## BRIEF:
Transcribe the listing underneath, keeping each word exact and omitting the images.

## GIVEN INFORMATION:
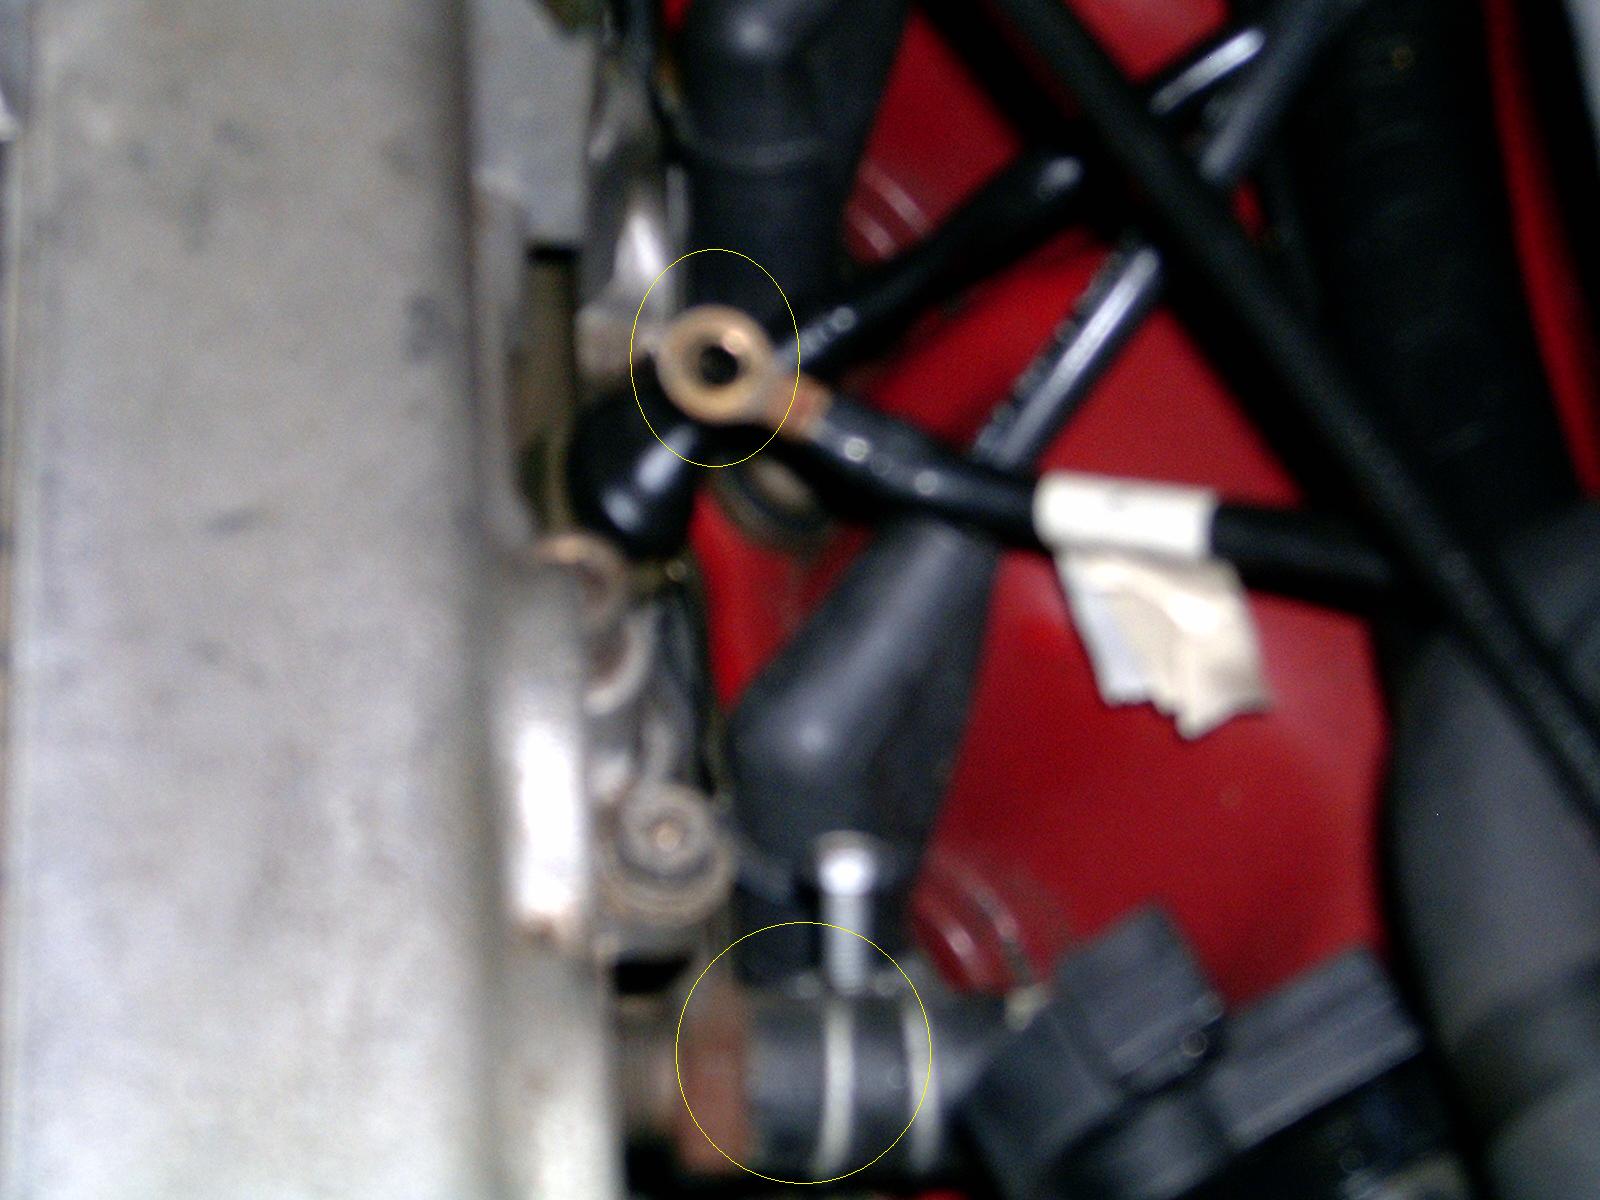 Changing fuel injector nissan maxima
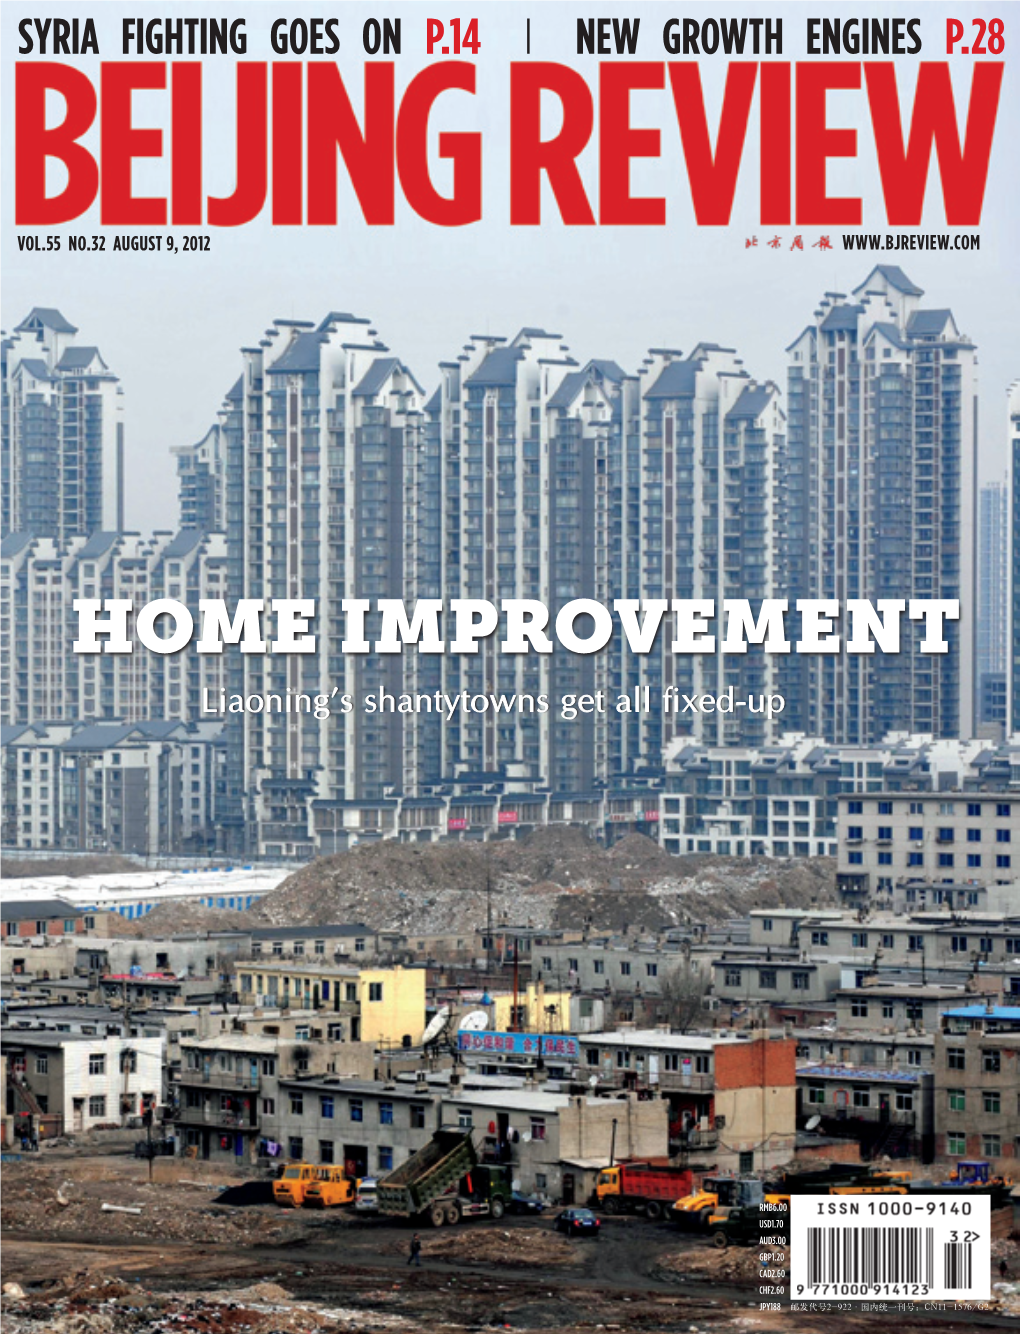 HOME IMPROVEMENT Liaoning’S Shantytowns Get All Fixed-Up
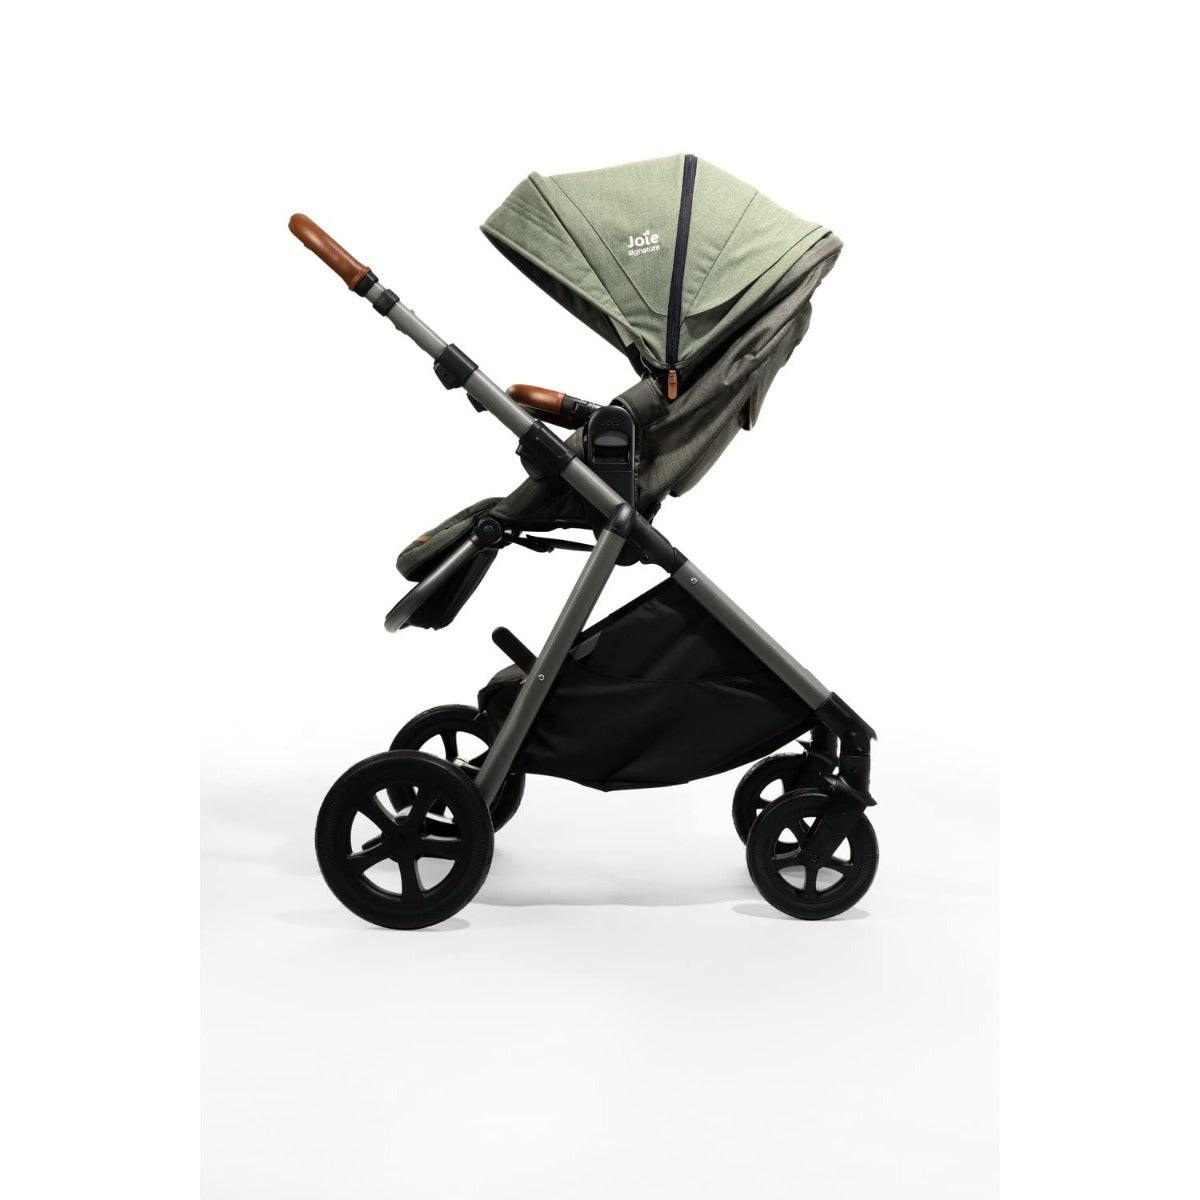 Joie Aeria 4 in 1 Baby Pram with Height Adjustable Seat & Rain Cover - Baby Stroller for Ages 0-4 Years

## EXERCISE ANSWER:
 Changing fuel injector nissan maxima
 HOME IMPROVEMENT Liaoning’S Shantytowns Get All Fixed-Up
 Joie Aeria 4 in 1 Baby Pram with Height Adjustable Seat & Rain Cover - Baby Stroller for Ages 0-4 Years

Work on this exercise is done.